Près de 76 000 personnes déplacées vivent actuellement dans le site de Plaine Savo, près de Fataki, (territoire de Djugu) en Ituri, dans des conditions humanitaires jugées alarmantes par Médecins sans frontières (MSF).
Dans un communiqué publié ce mardi 8 septembre, l’organisation indique que les violences qui persistent à l’extérieur du site empêchent une grande partie des déplacés d’accéder à leurs champs, aux marchés et aux points d’eau. Cette situation les prive de leurs moyens de subsistance et accroît leur dépendance à l’aide humanitaire.
Le site est fortement surpeuplé et les personnes déplacées vivent pour la plupart dans des abris de fortune construits avec du bois, du plastique et de la paille. L’accès à la nourriture demeure particulièrement préoccupant. Depuis décembre dernier, seulement deux distributions alimentaires ont été organisées sur le site, selon MSF.
La situation sanitaire reste également difficile. MSF a installé en février un poste de santé destiné à fournir des soins de santé générale, pédiatrique, maternelle et mentale. Cette structure prend également en charge les survivant·es de violences sexuelles ainsi que les personnes souffrant de malnutrition aiguë.
Au cours des six derniers mois, le poste de santé a pris en charge en moyenne 60 survivant·es de violences sexuelles chaque mois. Sept personnes blessées par balle ou par arme blanche y sont également admises chaque semaine. La structure enregistre par ailleurs une moyenne de neuf cas de malnutrition chaque semaine.
Le manque d’eau potable et les insuffisances en matière d’assainissement constituent un autre facteur de vulnérabilité.
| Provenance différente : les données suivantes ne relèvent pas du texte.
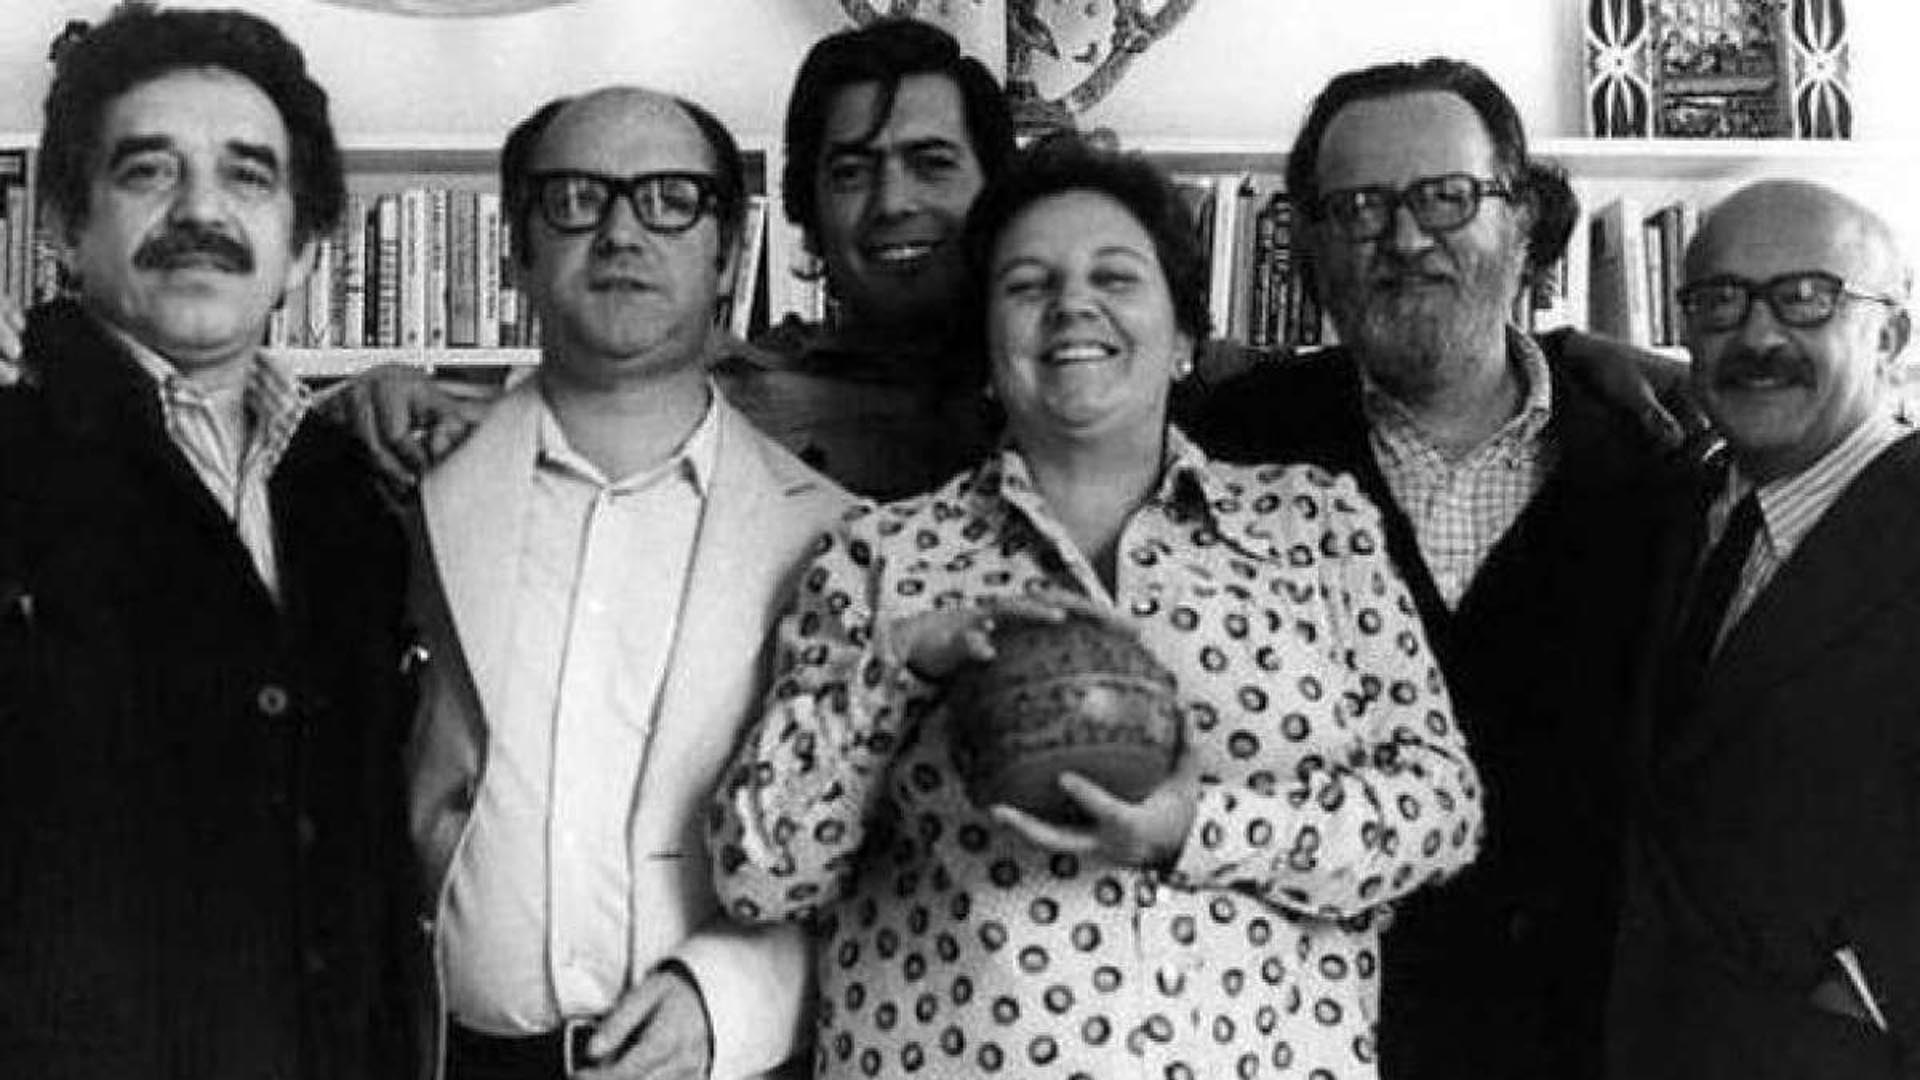 La agente literaria Carmen Balcells posa sonriente con García Márquez, Jorge Edwards, Vargas Llosa, José Donoso y el guionista español Ricardo Muñoz Suay. Faltan Julio Cortázar y Carlos Fuentes

Depuis février, MSF affirme avoir construit 311 latrines et renforcé progressivement l’approvisionnement en eau potable par camion-citerne, en attendant la finalisation de neuf nouveaux forages.
Malgré ces interventions, l’organisation estime que les infrastructures d’assainissement et la quantité d’eau potable disponible restent largement insuffisantes au regard du nombre de personnes présentes dans le site.
La situation humanitaire est aggravée par l’insécurité qui limite également l’accès des organisations humanitaires à la population. Les restrictions de déplacement exposent notamment les personnes qui tentent de sortir du site à des risques de violences, alors qu’elles cherchent à accéder à leurs champs ou à se procurer des moyens de subsistance.
MSF appelle ainsi à un renforcement urgent de la réponse humanitaire à Plaine Savo. L’organisation demande notamment une augmentation de l’aide alimentaire, des distributions plus régulières d’articles non alimentaires, l’amélioration de l’accès à l’eau potable et à l’assainissement ainsi que le renforcement des activités de protection en faveur des personnes les plus vulnérables.
Cette situation intervient dans un contexte marqué par l’épidémie d’Ebola en Ituri. Trois cas confirmés ont déjà été détectés dans le site de Plaine Savo et pris en charge à l’hôpital général de référence de Fataki, selon Médecins sans frontières. La promiscuité dans les abris et les insuffisances en matière d’eau, d’hygiène et d’assainissement renforcent les préoccupations liées au risque de propagation de la maladie.